/Gabriel/
Od narodzin Edena minął tydzień. Cieszyłem się z ich szczęścia. W końcu Eden i Wiktor mogliby zostać przyjaciółmi jak podrosną. Kiedy tylko przyszedłem by dać obojgu rodzicom parę prezentów Wikuś aż z zaciekawieniem patrzył na maleństwo. Z tego co się dowiedziałem to Eden ma wrodzoną heterochromię przez co jedno oko ma niczym miód, a drugie oczko jak bezchmurne niebo. Obecnie rozmawialiśmy z Aziraphalem na ławce niedaleko bazy. Nasze pociechy siedziały w wózkach, a Crowley miał nam przynieść tylko coś słodkiego byśmy mogli zjeść. Jak tylko przyszedł spakowaliśmy słodkie babeczki do naszych toreb i po pożegnaniu się udaliśmy się na wspólny spacer. Aziraphale od narodzin synka postanowił karmić go butelką. Mimo, że miał tak jak ja możliwość karmienia piersią uznał, że lepiej jak dziecko od razu zacznie przyzwyczajać do butelki. Głównie mu chodziło o karmienie na spacerach bo w końcu w domu może karmić malucha piersią. Stanąłem w pewnej chwili gdy Wiktor wyrzucił z wózka przez przypadek swojego misia. Już chciałem go podnieść gdy ktoś go podniósł. Gdy tylko podniosłem głowę byłem w szoku na widok matki. Ostatni raz ją widziałem kiedy z Kubą poinformowaliśmy rodziców o ślubie. Na którym oczywiście nie zostali zaproszeni.
-Gabryś?- Zapytała zaskoczona kobieta. Zabrałem jej maskotkę syna i wytrzepałem z piachu.- Synku może porozmawiamy?- Zapytała się zmuszając się zapewne do uśmiechnięcia się. Spojrzałem na nią bez żadnych pozytywnych uczuć.
-Nagle chcesz rozmawiać? Może ty nie pamiętasz ale ja za to pamiętam. Wyparłaś się mnie kiedy poinformowałem ciebie razem z Kubą, że będziemy brać ślub. Nawet nie powiedziałaś mi, że jestem interseksualny. Twoje zachowanie nie było fair. Chodźmy Aziraphale. Nie mam ochoty rozmawiać z nią.- Powiedziałem i razem z blondwłosym zaczęliśmy iść. Słysząc wołanie matki po prostu ją ignorowałem. Po kilku minutach nie słyszałem jej. Jednak doskonale znał sytuację jaką miałem z matką. Spojrzałem kiedy Aziraphale wjechał wózkiem na dwie jakieś postacie.

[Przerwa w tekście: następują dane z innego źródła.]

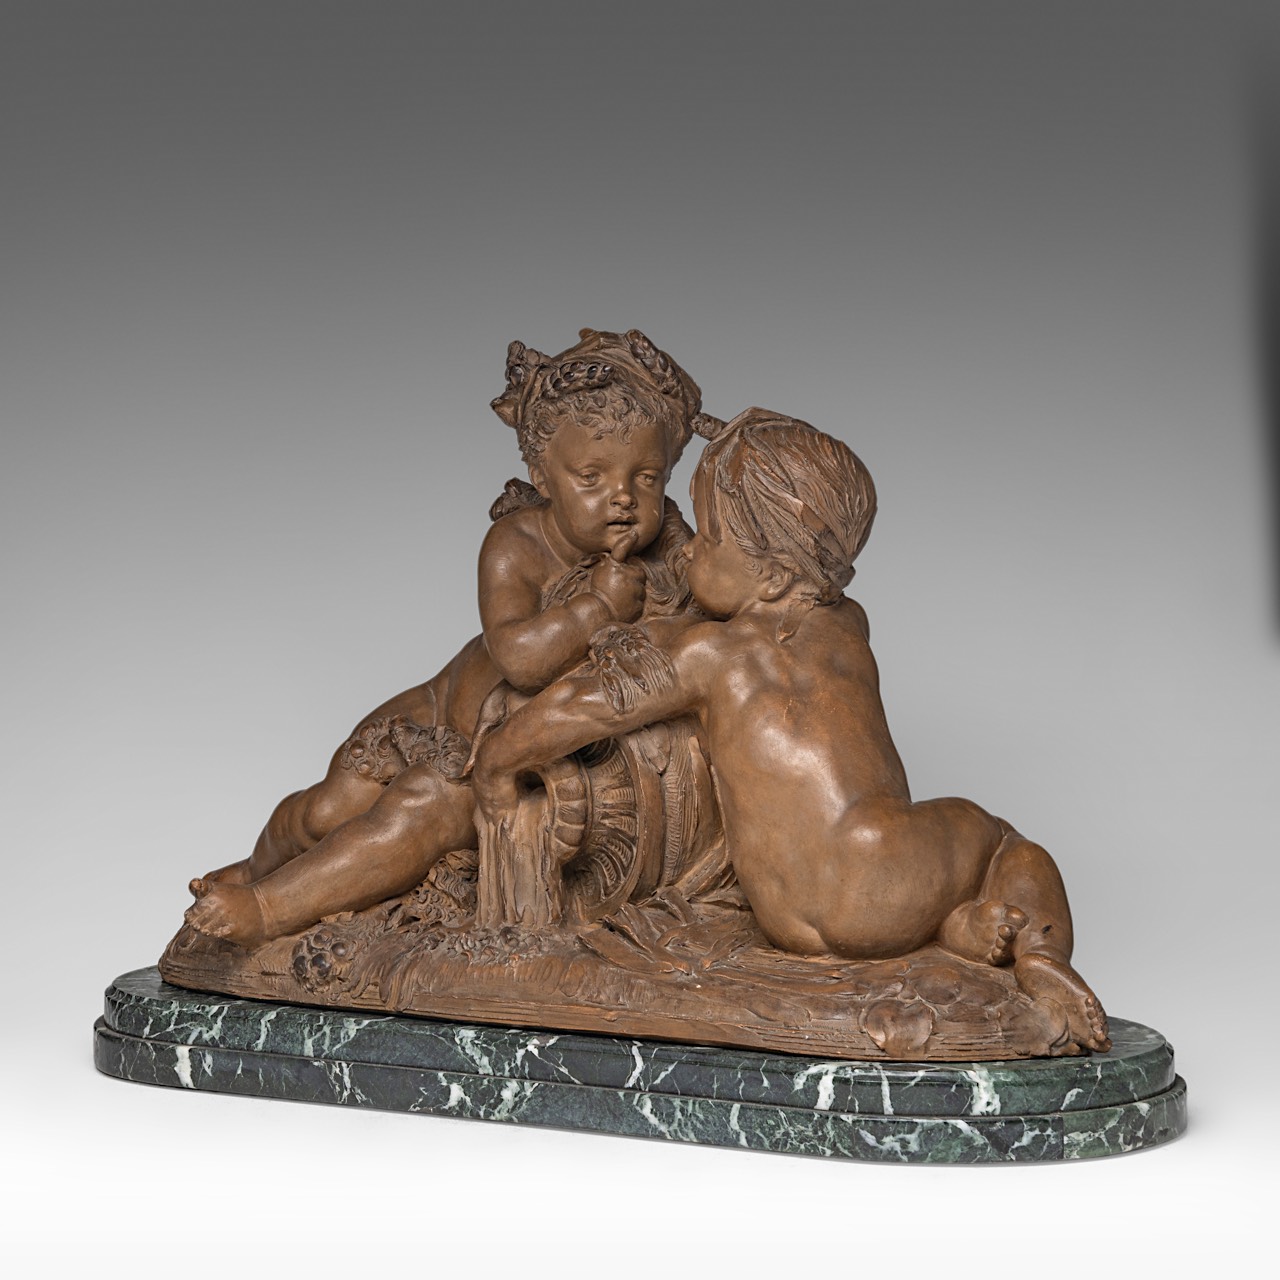 Carrier-Belleuse (1824-1887), two putti by the fountain, terracotta on a marble base, H 43 - W 68 cm - Image 2 of 10

-Przepra...- Aziraphale nie dokończył wypowiedzi w chwili gdy ta tajemnicza dwójka się odwróciła. Aziraphale wyglądał jakby spotkał kogoś kto się nad nim znęcał. Obie postacie nie wyglądały dla mnie sympatycznie. Spojrzałem na Wiktora który wyciągnął do mnie łapki.
-Aziraphale jak miło cię widzieć. A to kto?- Zapytał czarnowłosy podchodząc do mnie i mojego syna. Starałem się odsunąć. Wiki jak tylko spojrzał na jegomościa zaczął głośno płakać i ruszać się nerwowo.- Ojoj a tobie co się...- Typ nie dokończył bo dostał ode mnie lewego sierpowego.
-Nie zbliżaj się do mojego syna.- Warknąłem i spojrzałem na przyjaciela.- Chodźmy. Wiktor się wystraszył.- Powiedziałem i po chwili zaczęliśmy iść. Oczywiście musieliśmy jak na złość natknąć się na Zośkę i nie chciałem wiedzieć jak zareaguje.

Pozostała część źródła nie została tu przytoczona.